Usage¶
To use LACE in a project:
import lace # or
from lace import cliff, morph, lace1, add_to_bin, lace2_simulator
The CLIFF func:
cliff(attribute_names, data_matrix, independent_attrs, objective_attr, objective_as_binary=False, cliff_percentage=0.4)
param attribute_names: | |
---|---|
the attribute names. This should match the data_matrix | |
param data_matrix: | |
the data to trim | |
param independent_attrs: | |
set up the independent attributes in the dataset. Note: ‘name’, ‘id’, etc. might not be considered as independent attributes | |
param objective_attr: | |
marking which attribute is the objective to be considered | |
param objective_as_binary: | |
signal to set up whether treat the objective as a binary attribute. Default: False | |
param cliff_percentage: | |
set up how many records to be remained. By default, it is 0.4 | |
return: | the survived (valued) records |
The MORPH func:
morph(attribute_names, data_matrix, independent_attrs, objective_attr, objective_as_binary=False, data_has_normalized=False, alpha=0.15, beta=0.35)
param attribute_names: | |
---|---|
the names of attributes, should match the data_matrix | |
param data_matrix: | |
original data | |
param independent_attrs: | |
set up the independent attributes in the dataset. Note: ‘name’, ‘id’, etc. might not be considered as independent attributes | |
param objective_attr: | |
marking which attribute is the objective to be considered | |
param objective_as_binary: | |
signal to set up whether treat the objective as a binary attribute. Default: False | |
param data_has_normalized: | |
telling whether the data matrix has been normalized. | |
param alpha: | morph algorithm parameter |
param beta: | morph algorithm parameter |
return: | handled records |
The most convenient way to use LACE1 is:
lace1(attribute_names, data_matrix, independent_attrs, objective_attr, objective_as_binary=False, cliff_percentage=0.4, alpha=0.15, beta=0.35)

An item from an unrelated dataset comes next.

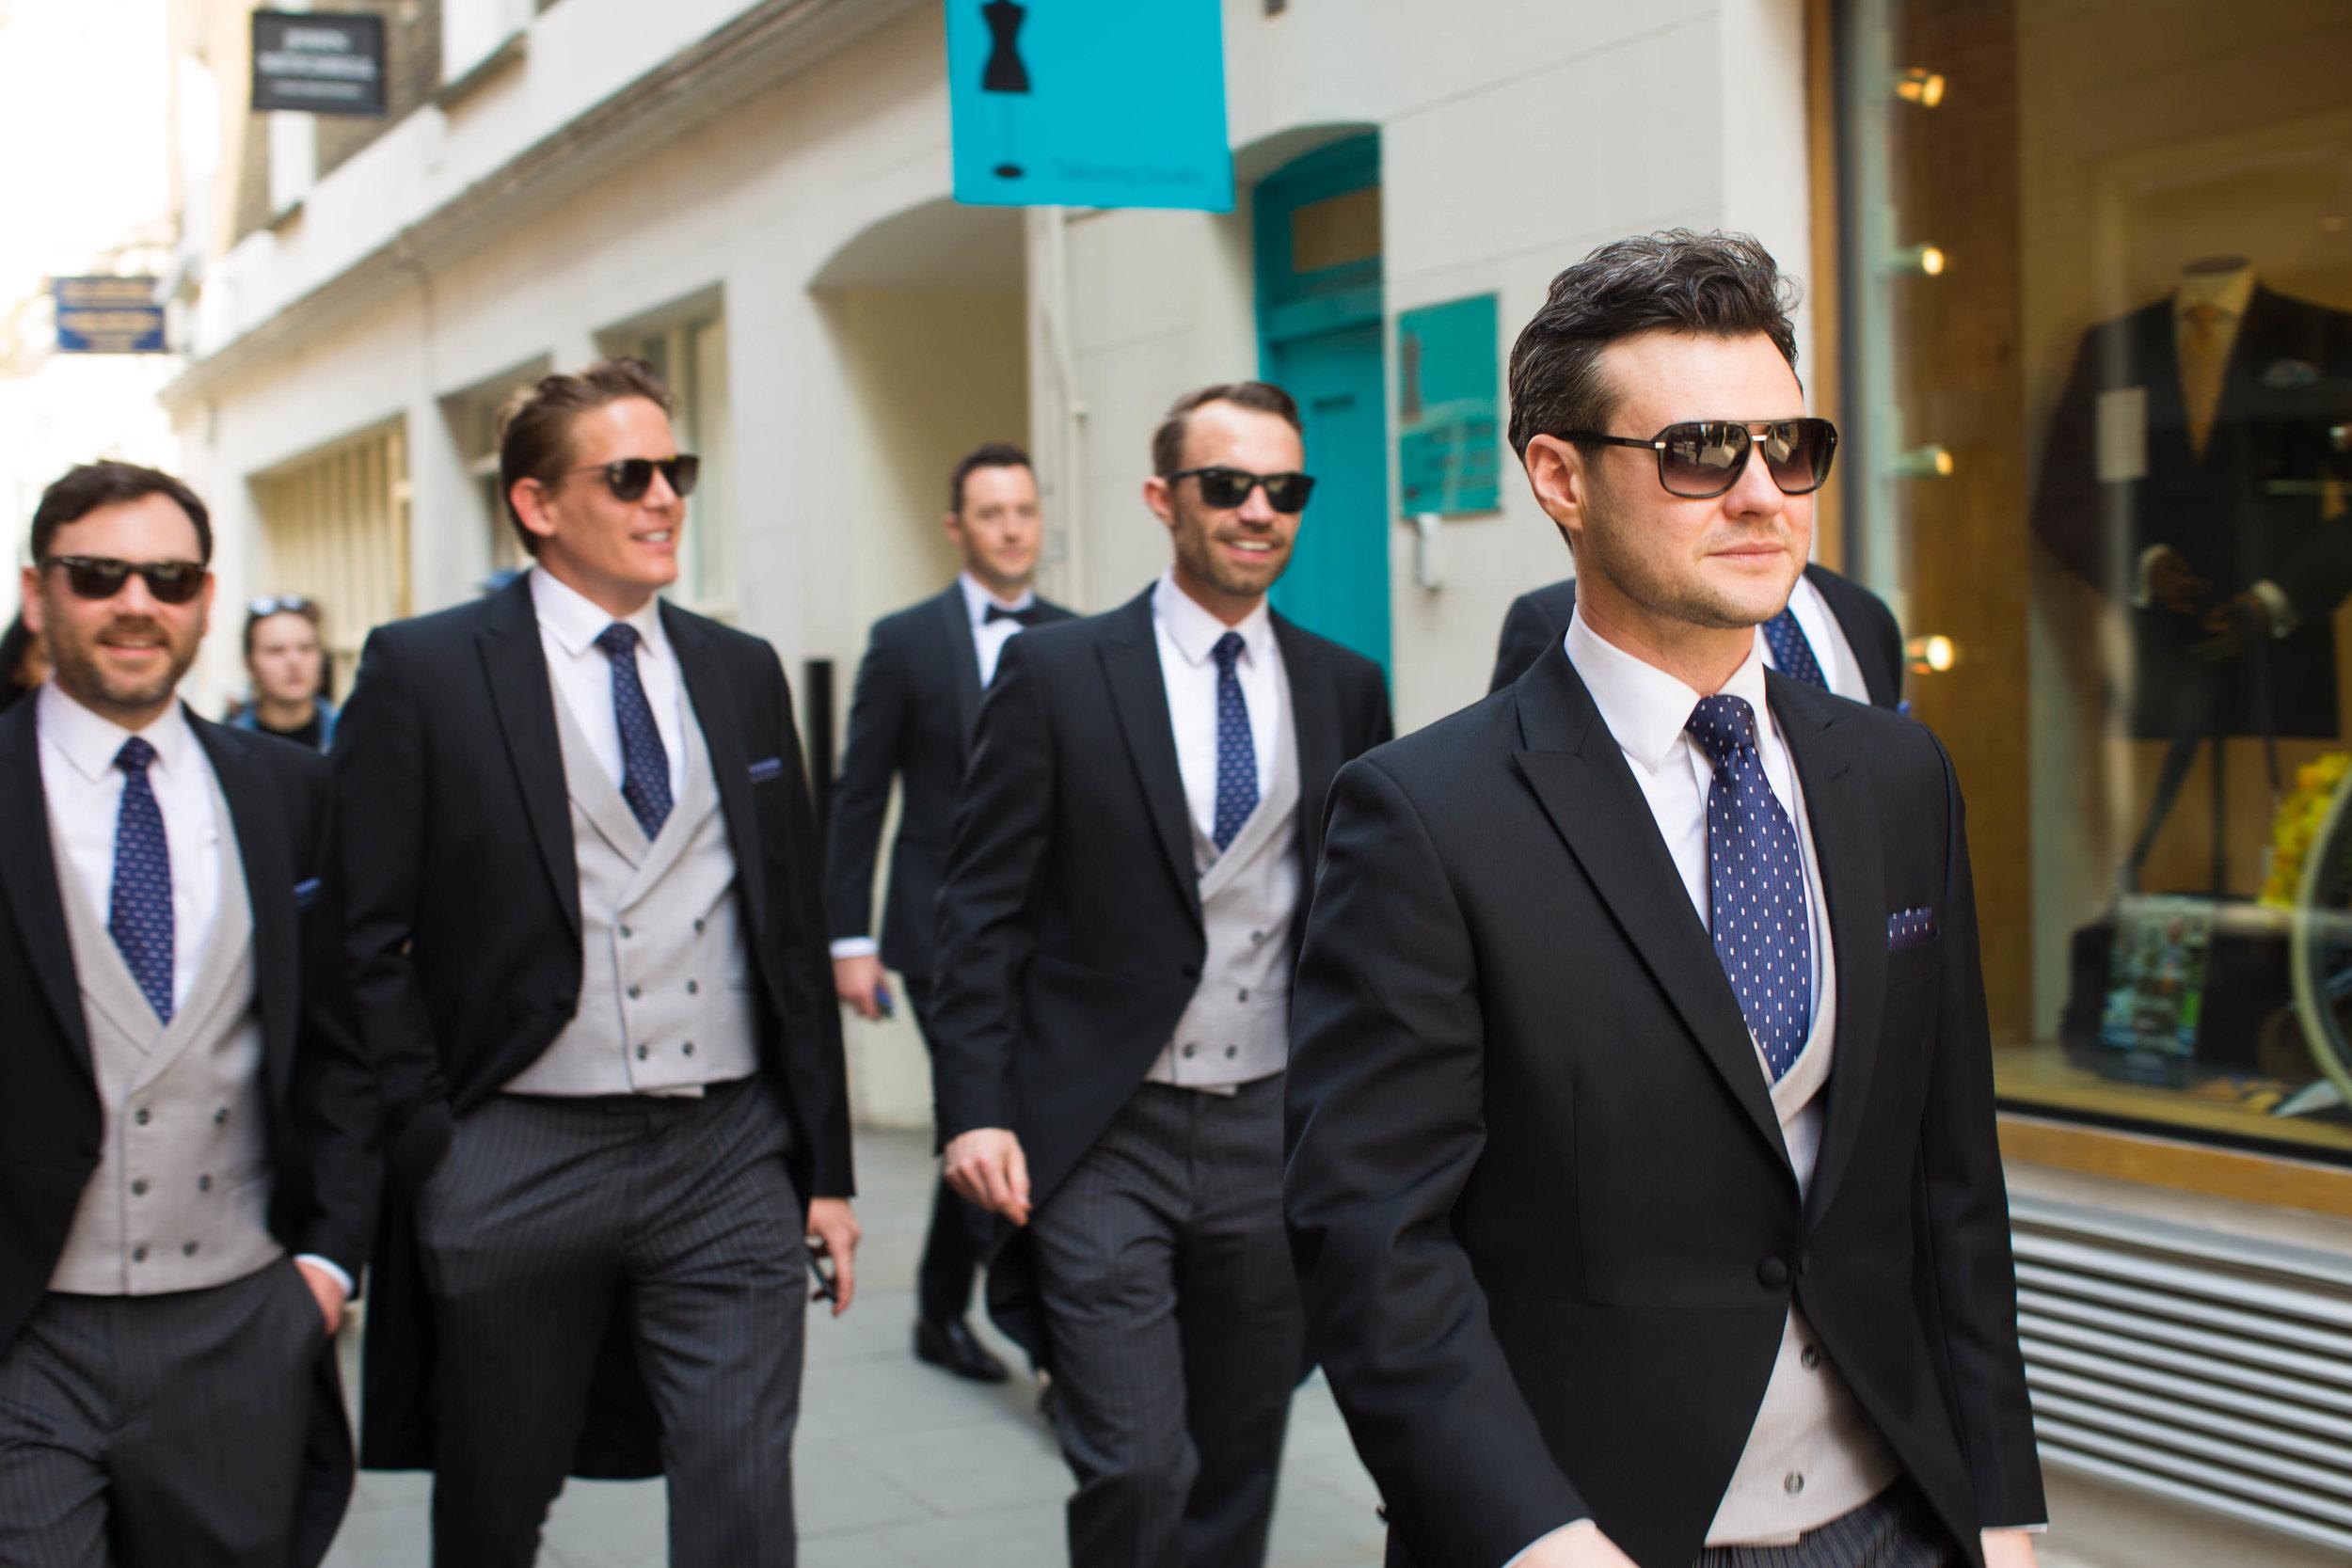 claridges-hotel-wedding-photographer-london-mayfair-natalia-smith-photography-37.jpg

param attribute_names: | |
---|---|
the names of attributes, should match the data_matrix | |
param data_matrix: | |
original data | |
param independent_attrs: | |
set up the independent attributes in the dataset. Note: ‘name’, ‘id’, etc. might not be considered as independent attributes | |
param objective_attr: | |
marking which attribute is the objective to be considered | |
param objective_as_binary: | |
signal to set up whether treat the objective as a binary attribute. Default: False | |
param cliff_percentage: | |
prune rate | |
param alpha: | parameter 1 in morph, defining the shaking degree |
param beta: | parameter 2 in morph, defining the shaking degree |
The data selection and processor in LACE2:
add_to_bin(attribute_names, try2add_data_matrix, independent_attrs, objective_attr, objective_as_binary=False, cliff_percentage=0.4, morph_alpha=0.15, morph_beta=0.35, passing_bin=None)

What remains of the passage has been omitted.